Superfund Partners director Kris Kitto tells Miranda Brownlee why the “writing is already on the wall” when it comes to the disruption and automation of SMSF administration.
Describe some of the developments you expect to see in the SMSF space in the future?
At the moment, a lot of it is about aggregating data, and that’s something that most of the software providers in the administration space have done. I see the next stage moving towards what actually happens with that data that is being pulled into a central location. We’ll then start to see a more intuitive-style automation. SMSF accounts in nature are very structured and investment-driven so it’s probably a lot easier to automate a lot of aspects of the administration compared with other types of accounting.
I think the next frontier will be analytics and big data – and we will start to see more of it, especially when you have some of the cloud providers getting close to having data for 100,000 super funds, which is a sizeable portion of the market. For example, something as simple as comparing self-directed SMSFs with the SMSFs of trustees receiving advice from an adviser, and actually looking at performance and asset allocation. There will also be continued improvements with customised tools. There are no limits to what can be done with data and the people using it. It’s more about giving insights and providing groups such as the accounting bodies or SMSF Association with a bit of ammunition to say to legislators, we’ve got these initiatives and here is some data that would support them. So I think up-to-date information for decision making and policy is actually quite exciting.
Do you expect to see the administration and audit process for SMSFs ever become completely automated?
Yes, I hope so. We laid down a challenge to see how soon we will have, at least on the administration and accounting side, a fund which is ‘zero touch’. That’s where we’re aiming to get to in the next few years. After that, I expect the audits will also become increasingly automated in much the same way the actuarial certificates have changed. I think this will start slowly, however, with a very small percentage of SMSFs. Over time this automation for SMSFs will expand and take on more variety in terms of the underlying investments in funds. I think the writing is on the wall and I think it will force everyone in the value chain to re-evaluate their value proposition to their clients.
How soon – on the accounting side at least – do you expect to have a zero touch SMSF?
We’re actually very close now. I don’t think it’ll be this year, but I expect within the next financial year there will be some funds that are fully automated. This means there’ll no longer be any manual processing anymore but there will still need to be things that happen around the provision of that service. It’s only the mundane things that are being automated, so that creates an opportunity for the early adopters of technology to look at their value proposition, increase the engagement and level of service and advice they provide their clients.

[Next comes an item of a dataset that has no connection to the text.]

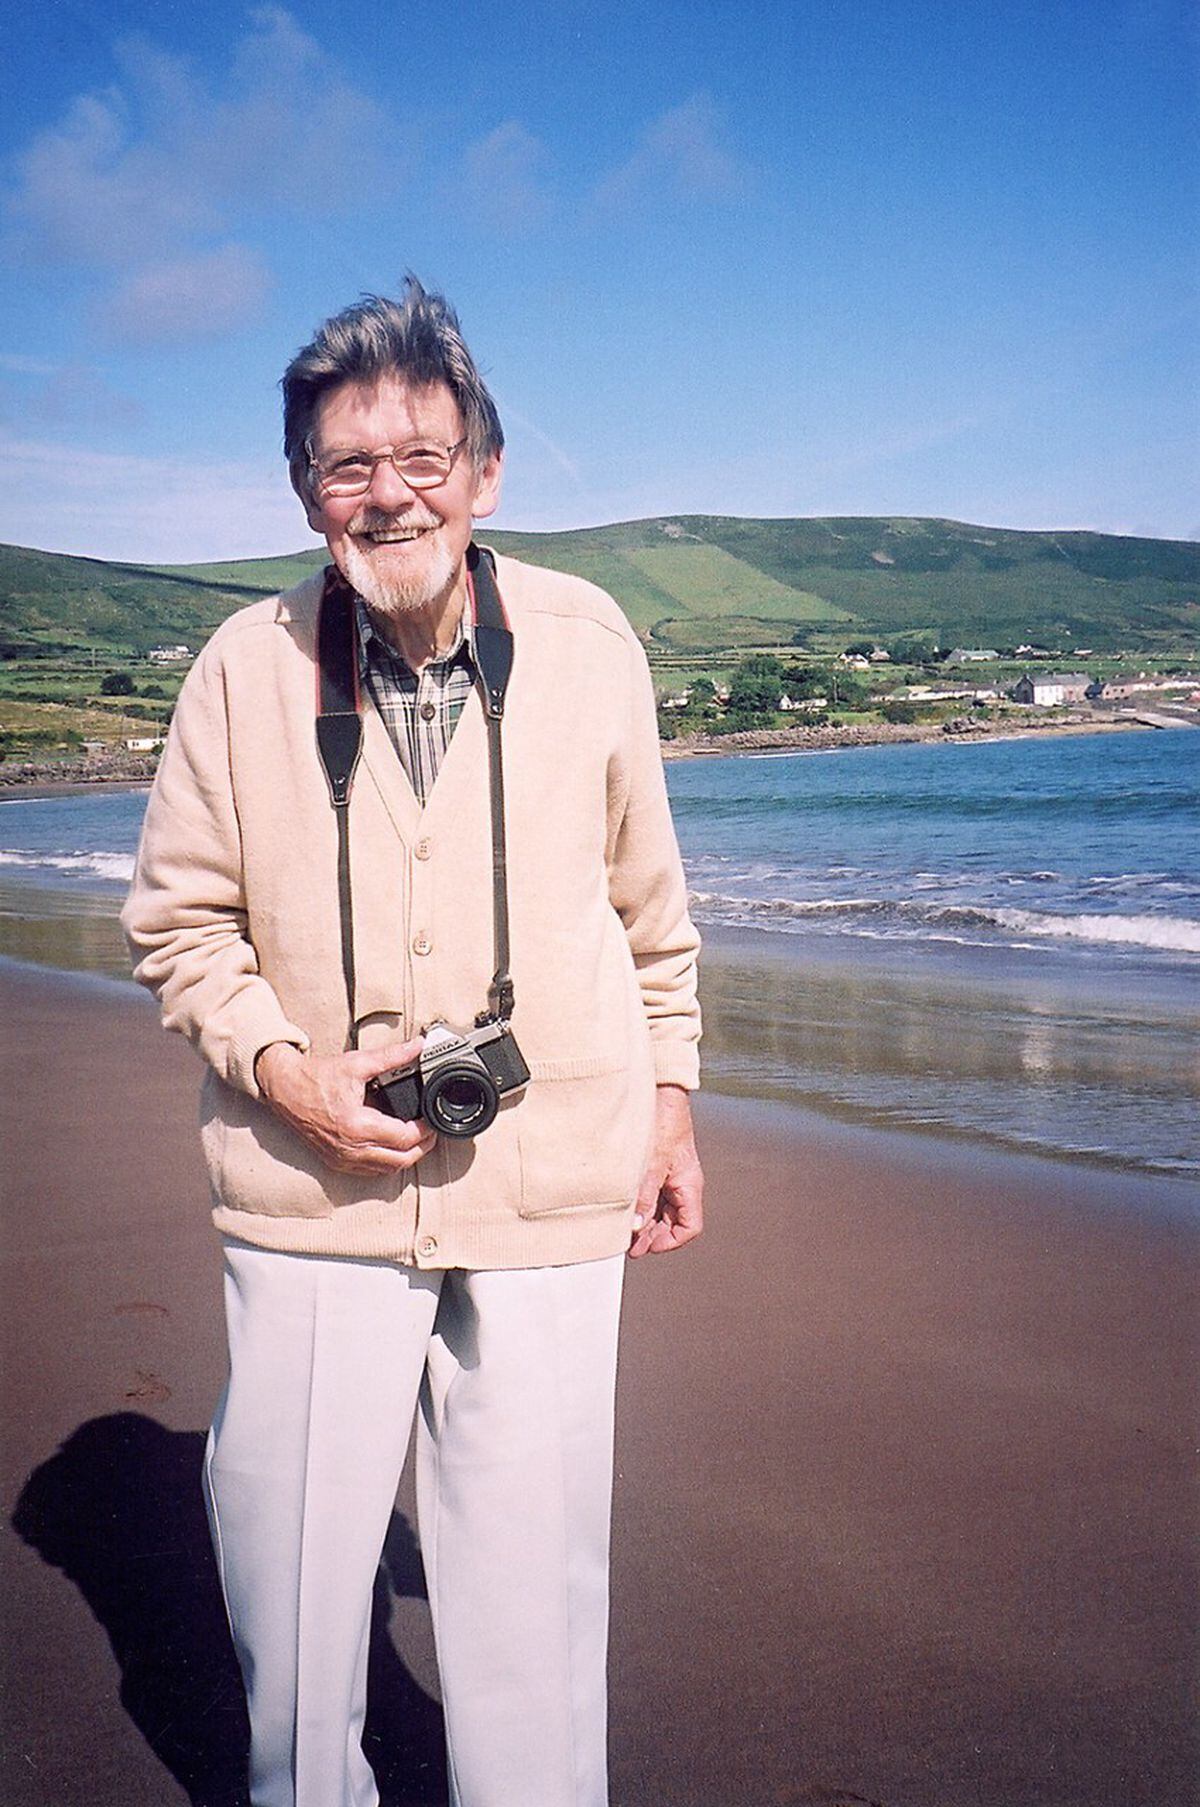 Robert Luckhurst, pictured here at 80

This is especially for the accountants, because a lot of them are going down the advice root but a lot of them don’t have time to give the advice their clients want. If they improve their efficiency and automate the mundane stuff though, they can focus on the higher value relationship aspects of what they do.
What will the SMSF administration space look like in 10 years? Do you think the industry will largely be consolidated or will there be many smaller providers?
I think it’ll be a real mixture. I think there’s enough scope for niche or boutique administrators to exist or businesses that combine administration and advice – I think there’s still definitely an opportunity there. Aaron Dunn from the SMSF Academy has released some of the data from his Future of SMSF survey and he said in the past year, 60 per cent of all newly registered SMSFs were registered by 10 per cent of the businesses. What that means is that those who’ve got a good solution are going to grow, and they’re going to grow faster than the average, but you’re still going to have a lot of variation because it is a very fragmented marketplace and I think it’ll continue to be so, but you will have larger administrators growing. So it’s going to be a bit of a mixed bag.
If you’re in this space, what you don’t want to do is sit on the fence – if you just try to hedge your bets, you’re going to get knocked over. You either need to be very niche, or you can go with the low-cost, large-volume play.
You work with many SMSF firms – what are the biggest holes in their business models?
The biggest, I would say, is getting that single client view across multiple aspects of their business – especially for multi-disciplined practices that combine accounting, financial planning, super and some of them even do legal and IT consulting. I think having that single view that actually pulls together the data from the different systems is vital because clients go to these businesses [because] they’re a one-stop shop, but a lot of the time that’s not the experience they get because there’s no one, seamless, true picture of the data.